- ASSIGNED TASK: Among the records below, find the line that has "Natural Blue Zircon"; from there, give the lines again exactly, and stop after the line that has "a85eb0e60 Syrup straw hat".

Items from a data source
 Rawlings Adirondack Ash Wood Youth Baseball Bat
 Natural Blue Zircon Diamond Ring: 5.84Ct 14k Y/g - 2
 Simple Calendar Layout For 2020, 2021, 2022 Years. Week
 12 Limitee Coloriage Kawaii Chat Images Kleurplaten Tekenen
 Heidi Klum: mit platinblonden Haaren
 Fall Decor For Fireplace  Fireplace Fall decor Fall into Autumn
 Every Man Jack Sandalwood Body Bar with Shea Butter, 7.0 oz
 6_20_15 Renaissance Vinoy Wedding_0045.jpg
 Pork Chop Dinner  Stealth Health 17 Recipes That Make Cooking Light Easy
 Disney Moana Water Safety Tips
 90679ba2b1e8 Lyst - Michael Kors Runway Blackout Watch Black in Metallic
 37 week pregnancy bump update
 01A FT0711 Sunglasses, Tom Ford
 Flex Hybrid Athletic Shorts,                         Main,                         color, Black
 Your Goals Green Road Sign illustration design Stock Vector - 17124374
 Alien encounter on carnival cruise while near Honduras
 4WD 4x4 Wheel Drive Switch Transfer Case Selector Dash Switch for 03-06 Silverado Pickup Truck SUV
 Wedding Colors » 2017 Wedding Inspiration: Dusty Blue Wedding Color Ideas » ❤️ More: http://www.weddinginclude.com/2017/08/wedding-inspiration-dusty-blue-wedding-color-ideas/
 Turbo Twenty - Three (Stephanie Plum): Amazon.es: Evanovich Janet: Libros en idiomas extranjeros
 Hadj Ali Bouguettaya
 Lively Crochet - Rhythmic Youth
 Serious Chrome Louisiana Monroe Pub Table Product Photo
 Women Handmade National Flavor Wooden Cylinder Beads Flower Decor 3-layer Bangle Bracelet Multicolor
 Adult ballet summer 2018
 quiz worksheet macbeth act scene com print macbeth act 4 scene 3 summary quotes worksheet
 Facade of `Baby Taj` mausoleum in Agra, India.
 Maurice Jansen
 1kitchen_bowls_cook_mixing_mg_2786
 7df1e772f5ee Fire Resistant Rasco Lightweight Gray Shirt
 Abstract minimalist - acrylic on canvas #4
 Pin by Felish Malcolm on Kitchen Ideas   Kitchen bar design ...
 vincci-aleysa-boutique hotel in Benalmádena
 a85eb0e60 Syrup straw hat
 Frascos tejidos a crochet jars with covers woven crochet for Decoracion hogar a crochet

- EXERCISE RESULT:
 Natural Blue Zircon Diamond Ring: 5.84Ct 14k Y/g - 2
 Simple Calendar Layout For 2020, 2021, 2022 Years. Week
 12 Limitee Coloriage Kawaii Chat Images Kleurplaten Tekenen
 Heidi Klum: mit platinblonden Haaren
 Fall Decor For Fireplace  Fireplace Fall decor Fall into Autumn
 Every Man Jack Sandalwood Body Bar with Shea Butter, 7.0 oz
 6_20_15 Renaissance Vinoy Wedding_0045.jpg
 Pork Chop Dinner  Stealth Health 17 Recipes That Make Cooking Light Easy
 Disney Moana Water Safety Tips
 90679ba2b1e8 Lyst - Michael Kors Runway Blackout Watch Black in Metallic
 37 week pregnancy bump update
 01A FT0711 Sunglasses, Tom Ford
 Flex Hybrid Athletic Shorts,                         Main,                         color, Black
 Your Goals Green Road Sign illustration design Stock Vector - 17124374
 Alien encounter on carnival cruise while near Honduras
 4WD 4x4 Wheel Drive Switch Transfer Case Selector Dash Switch for 03-06 Silverado Pickup Truck SUV
 Wedding Colors » 2017 Wedding Inspiration: Dusty Blue Wedding Color Ideas » ❤️ More: http://www.weddinginclude.com/2017/08/wedding-inspiration-dusty-blue-wedding-color-ideas/
 Turbo Twenty - Three (Stephanie Plum): Amazon.es: Evanovich Janet: Libros en idiomas extranjeros
 Hadj Ali Bouguettaya
 Lively Crochet - Rhythmic Youth
 Serious Chrome Louisiana Monroe Pub Table Product Photo
 Women Handmade National Flavor Wooden Cylinder Beads Flower Decor 3-layer Bangle Bracelet Multicolor
 Adult ballet summer 2018
 quiz worksheet macbeth act scene com print macbeth act 4 scene 3 summary quotes worksheet
 Facade of `Baby Taj` mausoleum in Agra, India.
 Maurice Jansen
 1kitchen_bowls_cook_mixing_mg_2786
 7df1e772f5ee Fire Resistant Rasco Lightweight Gray Shirt
 Abstract minimalist - acrylic on canvas #4
 Pin by Felish Malcolm on Kitchen Ideas   Kitchen bar design ...
 vincci-aleysa-boutique hotel in Benalmádena
 a85eb0e60 Syrup straw hat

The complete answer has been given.